Eyooo, I'm pretty new here and mighty glad I stumbled upon this fine community. I thought I'd share the first few builds I've completed. 










Thanks for looking!


----------



## griff10672 (Jun 2, 2019)

Cool Knobs on that Tone Bender !


----------



## Jovi Bon Kenobi (Jun 2, 2019)

Those are my favs too. I bought em at the Radio Shack near me before they closed up.


----------



## chongmagic (Jun 2, 2019)

Looks great man! Super job!


----------



## Iago (Jun 2, 2019)

All Tayda knobs and enclosures? I like the colors! 

The Derailer is looking killer with those gold-top Marshall knobs.


----------



## Jovi Bon Kenobi (Jun 2, 2019)

Thanks folks! About half the enclosures are from Smallbear. They are also all the matte finish ones: steel string, timmy, double tracker, and tone bender. The matte finish isn't super durable feeling. The colors bleed a bit onto isopropyl wipes and I imagine are meant to be finished further. The rest are from Tayda and feel solid. Knobs are a mix between Tayda and BLMS.


----------



## mywmyw (Jun 3, 2019)

great job! did you use printable waterslide for the decals?

one thought... those marshall knobs look great on the derailer... but they are so close together they are going to be hard to use comfortably.

again many great builds


----------



## Jovi Bon Kenobi (Jun 3, 2019)

Thank you! I used this for all labelling...

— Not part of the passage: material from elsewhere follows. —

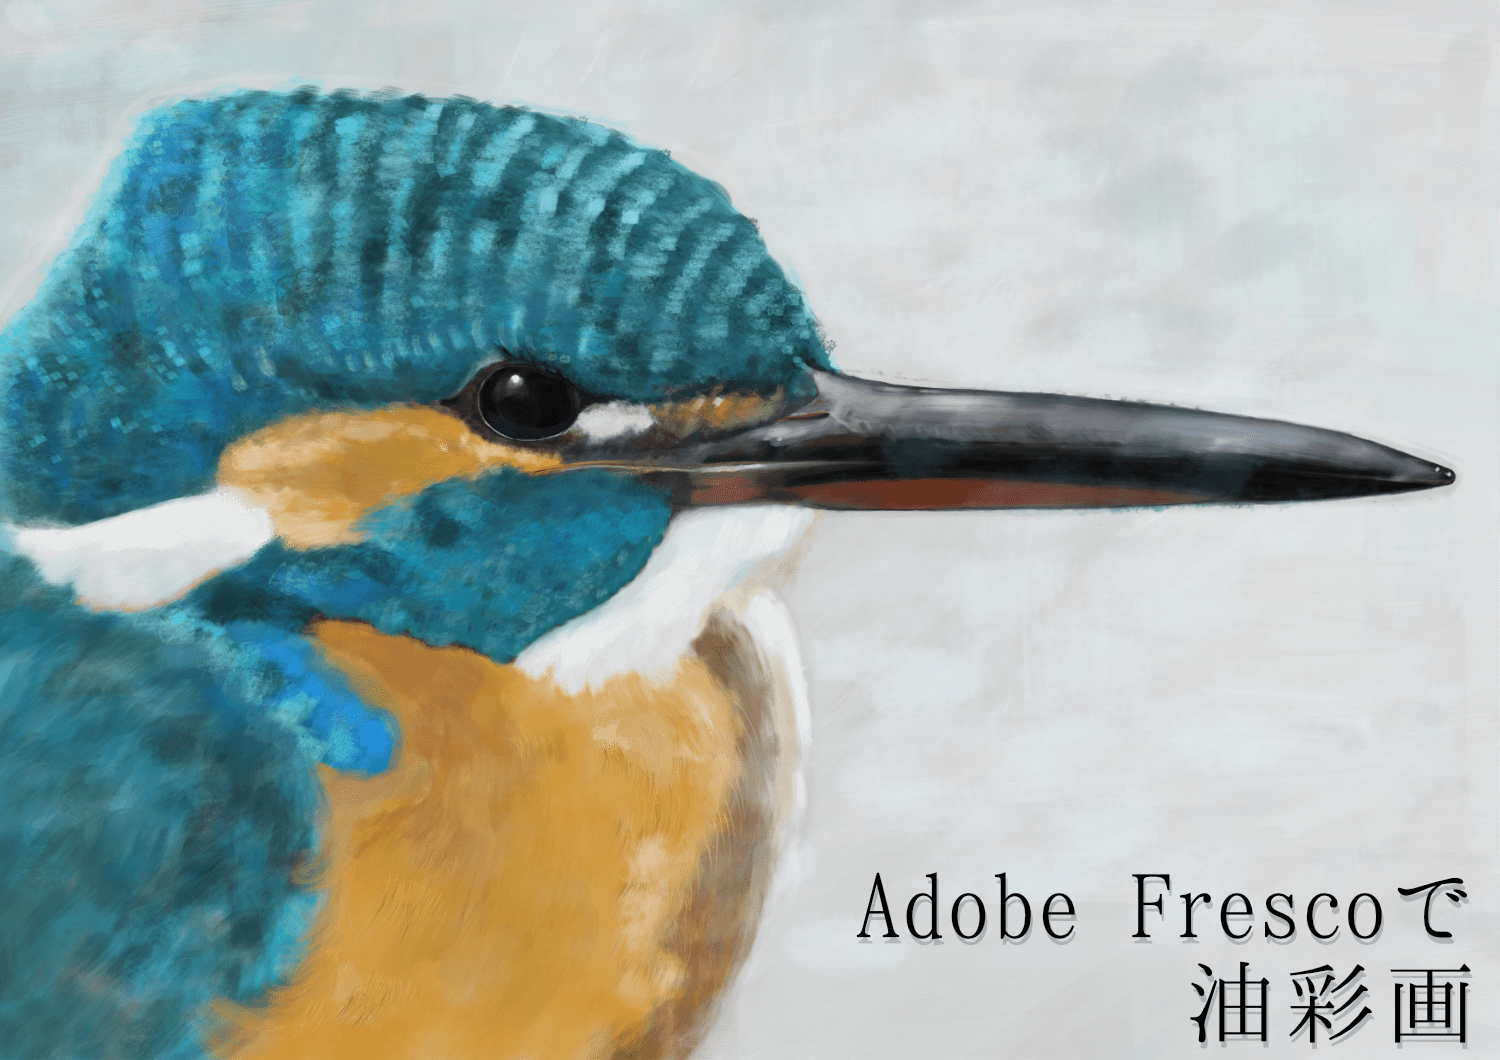 Adobe Frescoで油彩画を描いてみました

Kind of a pain in the ass, but it's all I have and haven't done much research into other options. This model, the PT-D600, has available software for your computer that makes life a lot easier for formatting the layout on the little tapes it prints out.


----------



## geekmacdaddy (Jun 3, 2019)

nice consistent look in your line. very nice.


----------